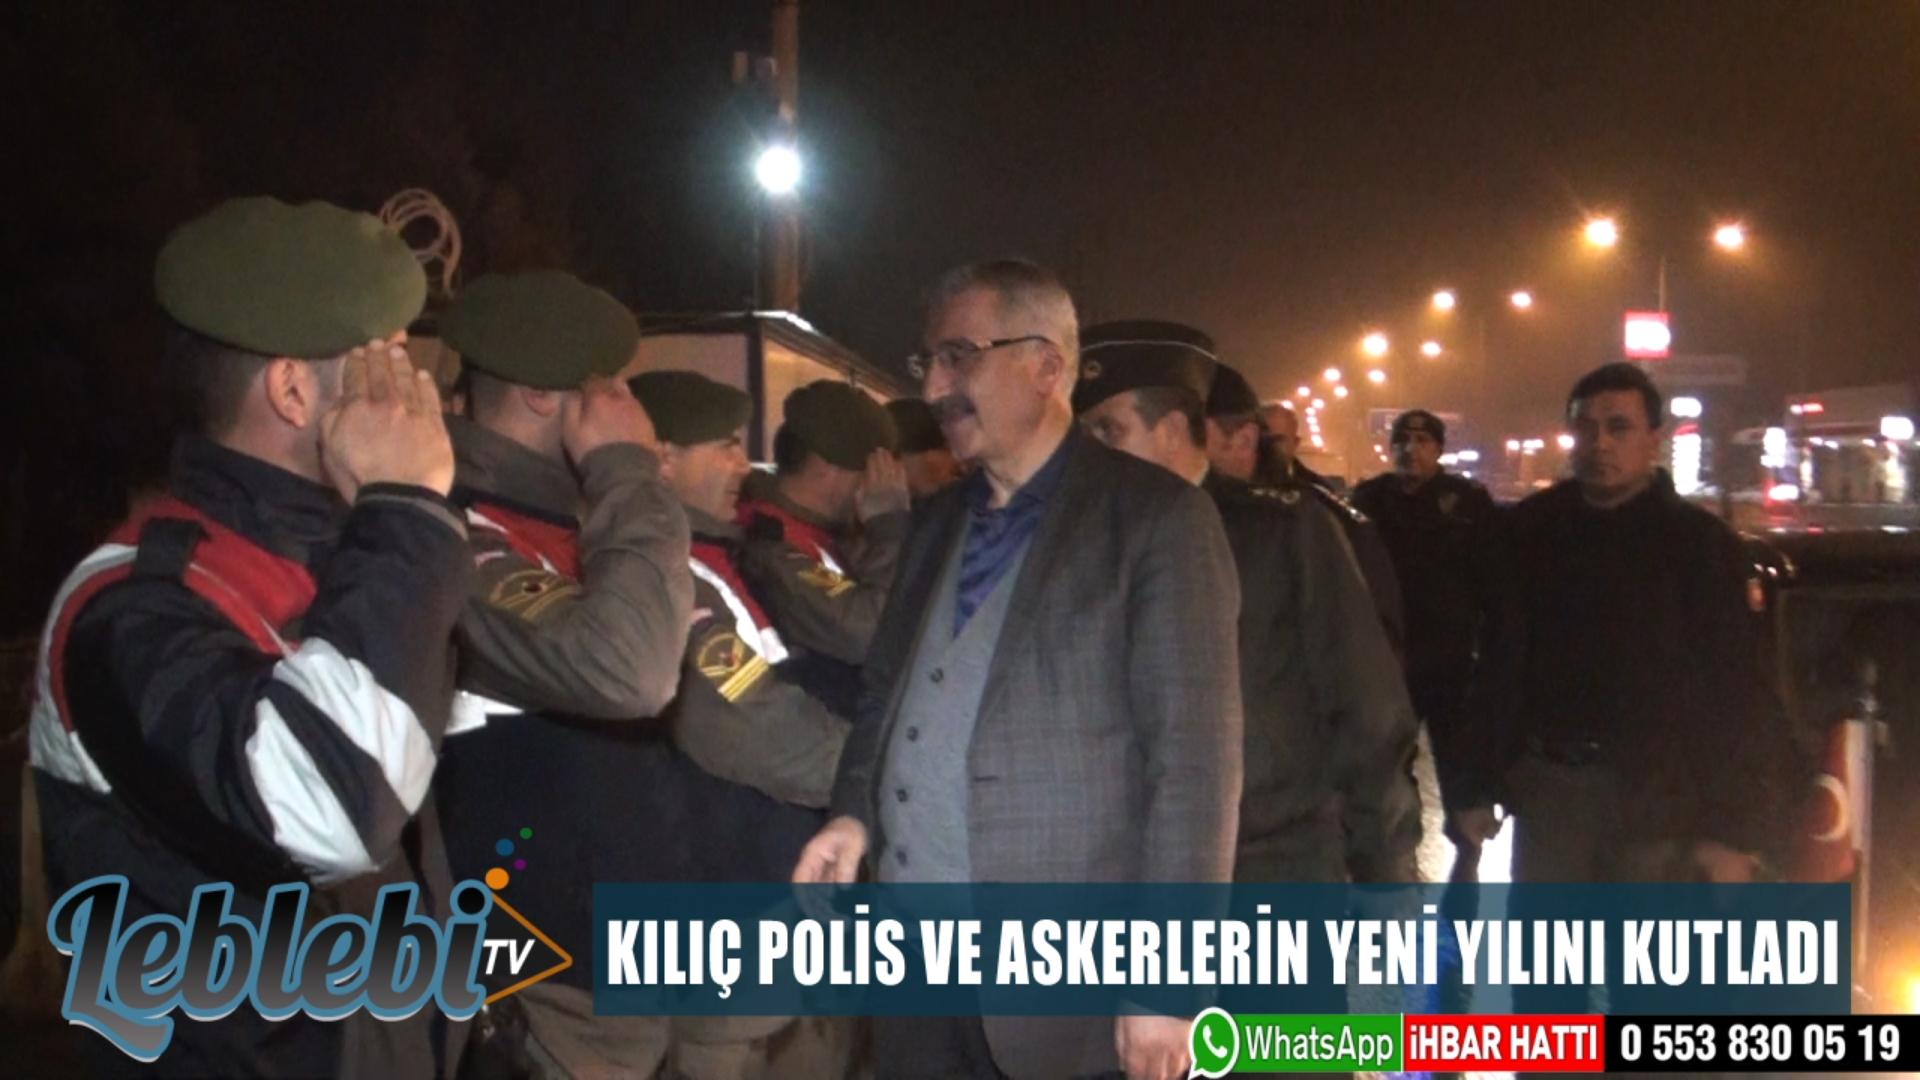 KILIÇ POLİS VE ASKERLERİN YENİ YILINI KUTLADI
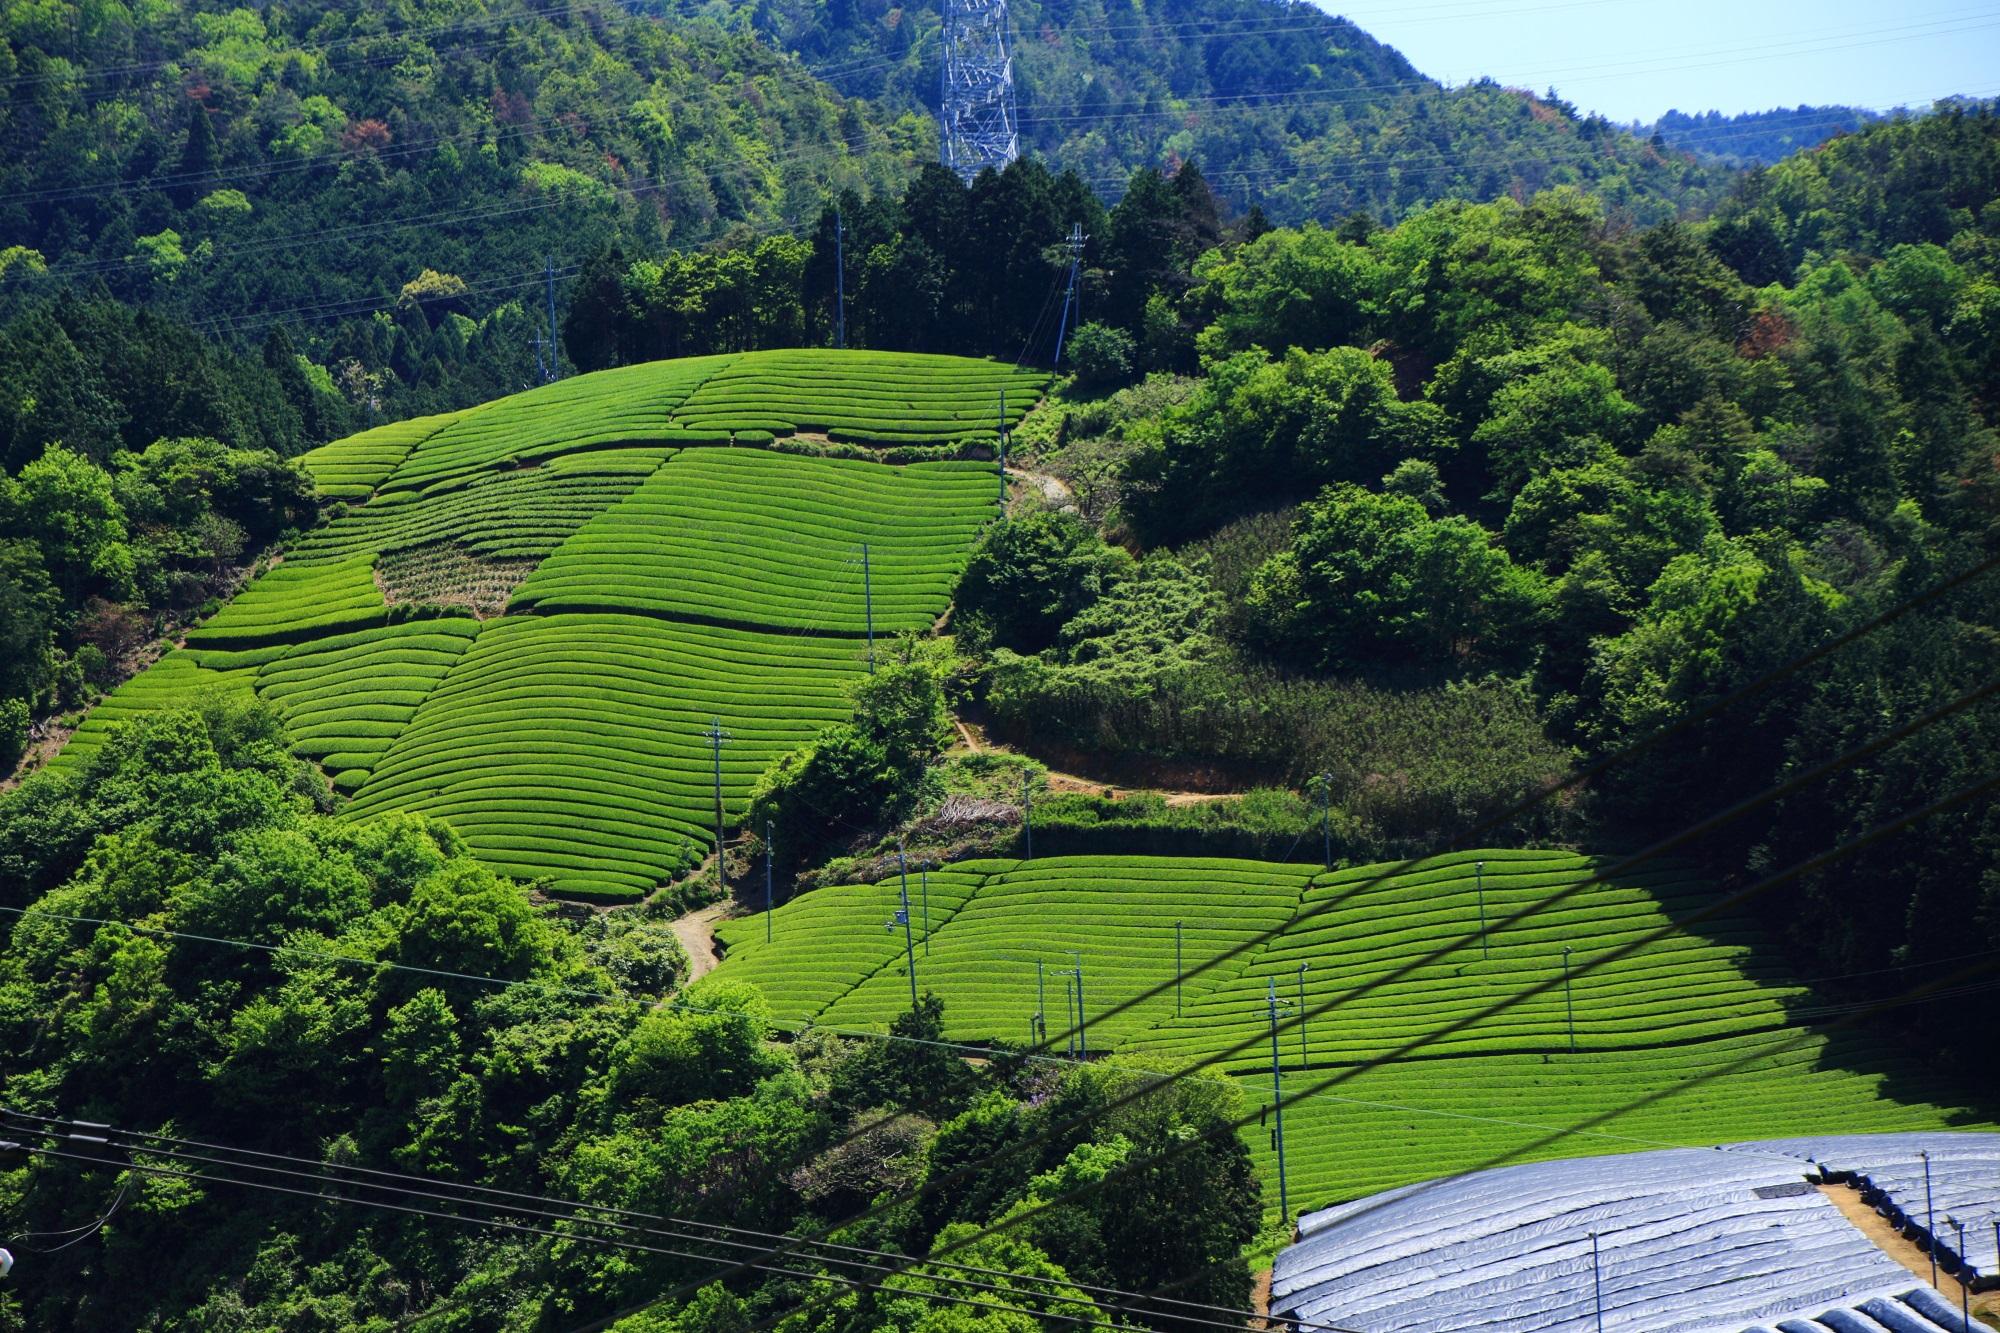 向かいの山に広がる美しい緑のお茶畑
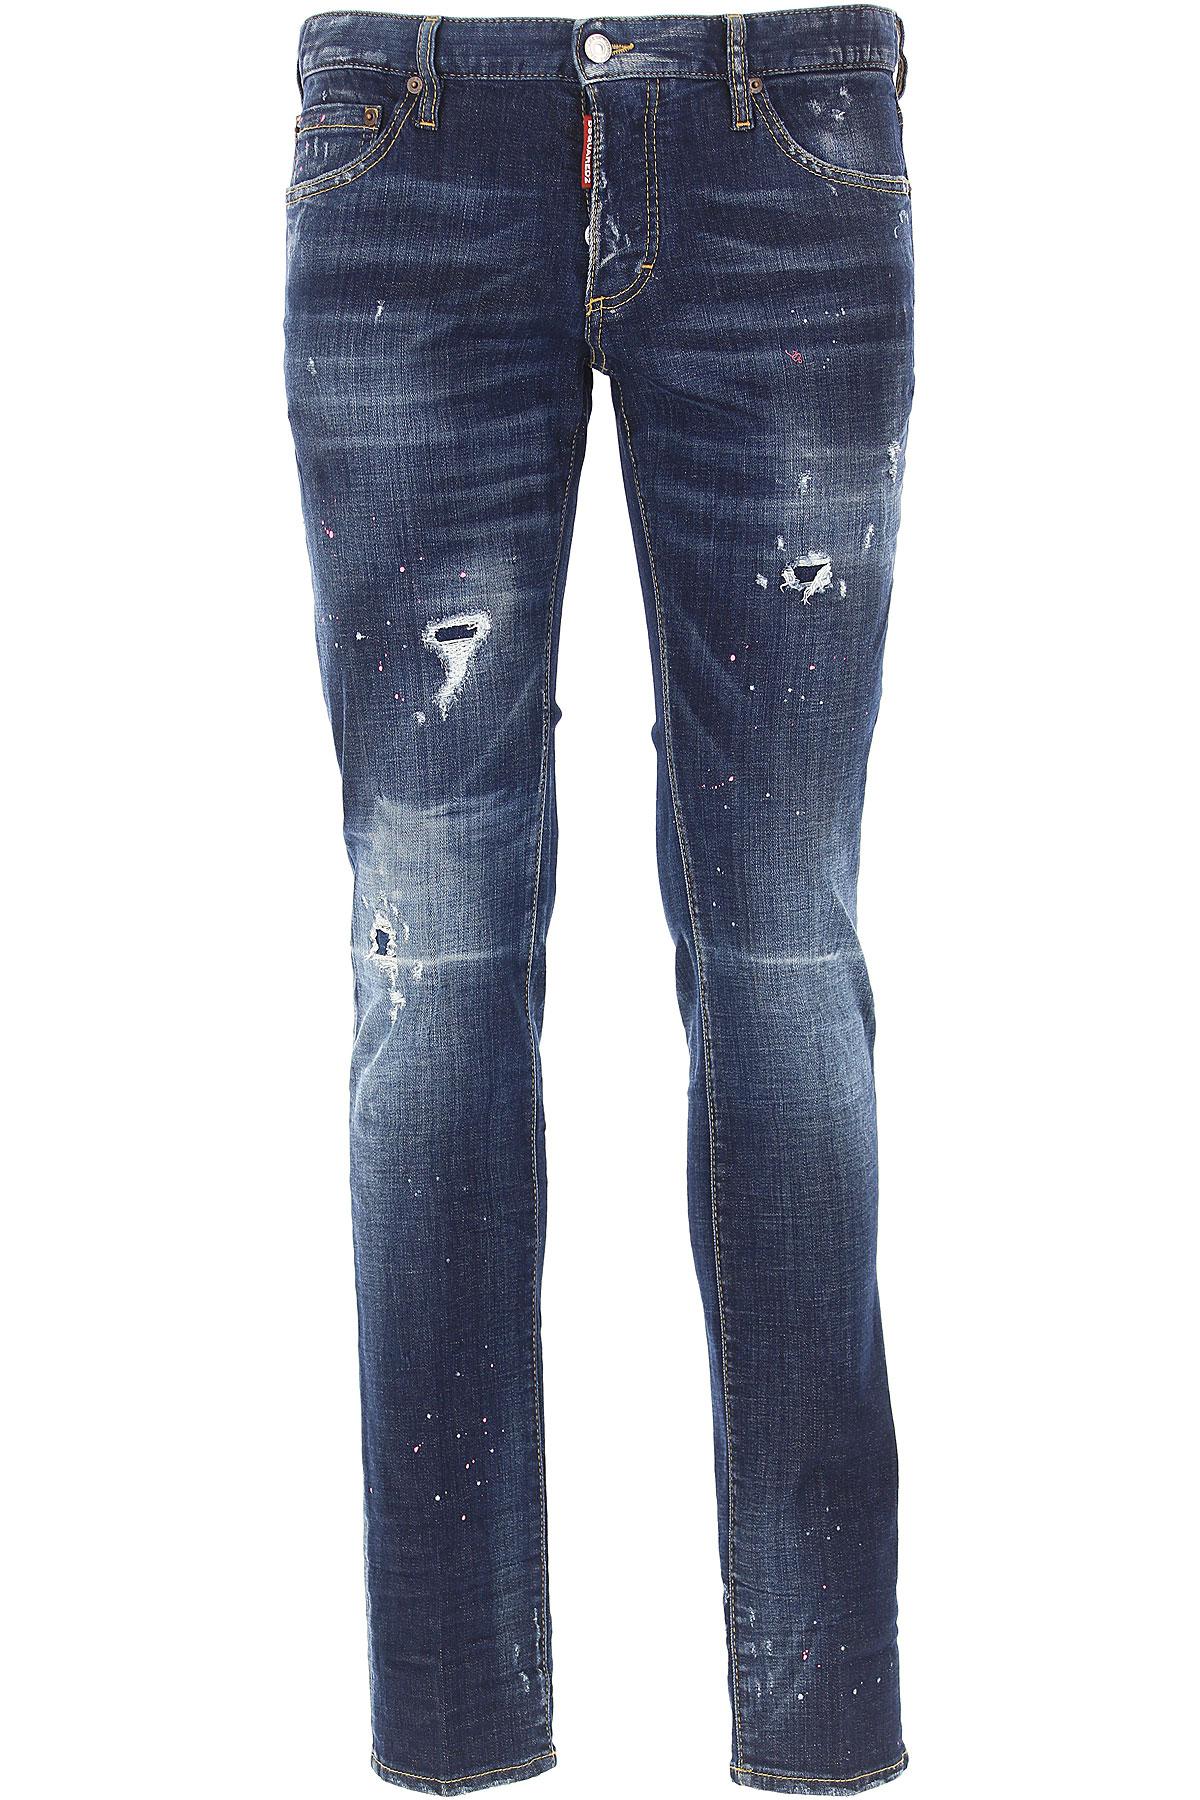 Dsquared2 Jeans, Denim Blue, Cotton, 2017, 28 30 32 34 36
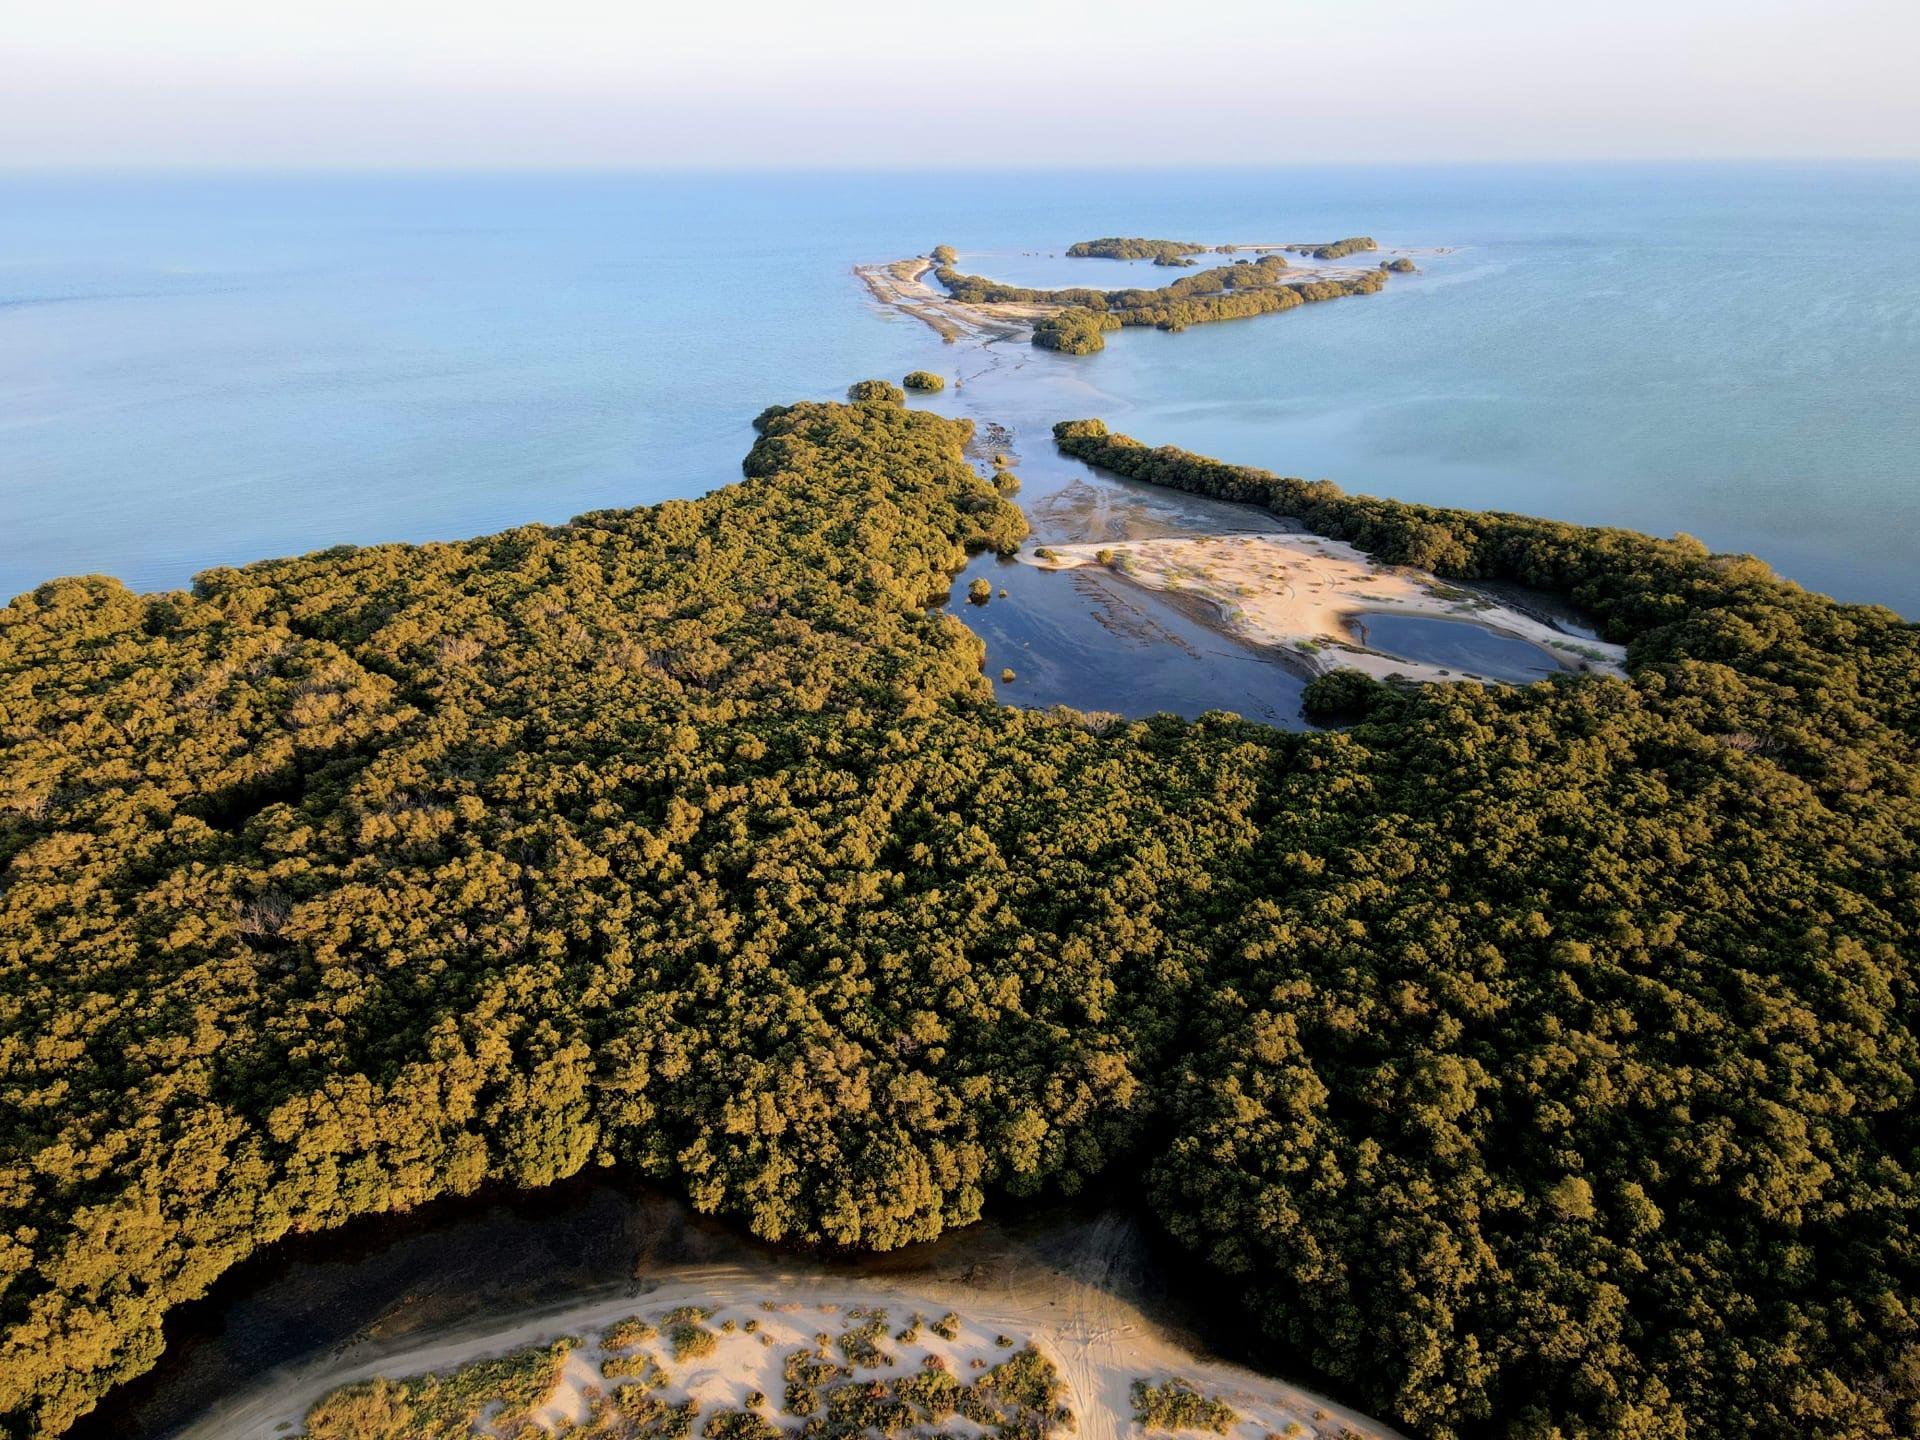 جزيرة بوطينة في أبوظبي

§ **Assignment**:
Write out all the material above exactly, with no image carried over.

§ **Result of the task**:
 KILIÇ POLİS VE ASKERLERİN YENİ YILINI KUTLADI
 向かいの山に広がる美しい緑のお茶畑
 Dsquared2 Jeans, Denim Blue, Cotton, 2017, 28 30 32 34 36
 جزيرة بوطينة في أبوظبي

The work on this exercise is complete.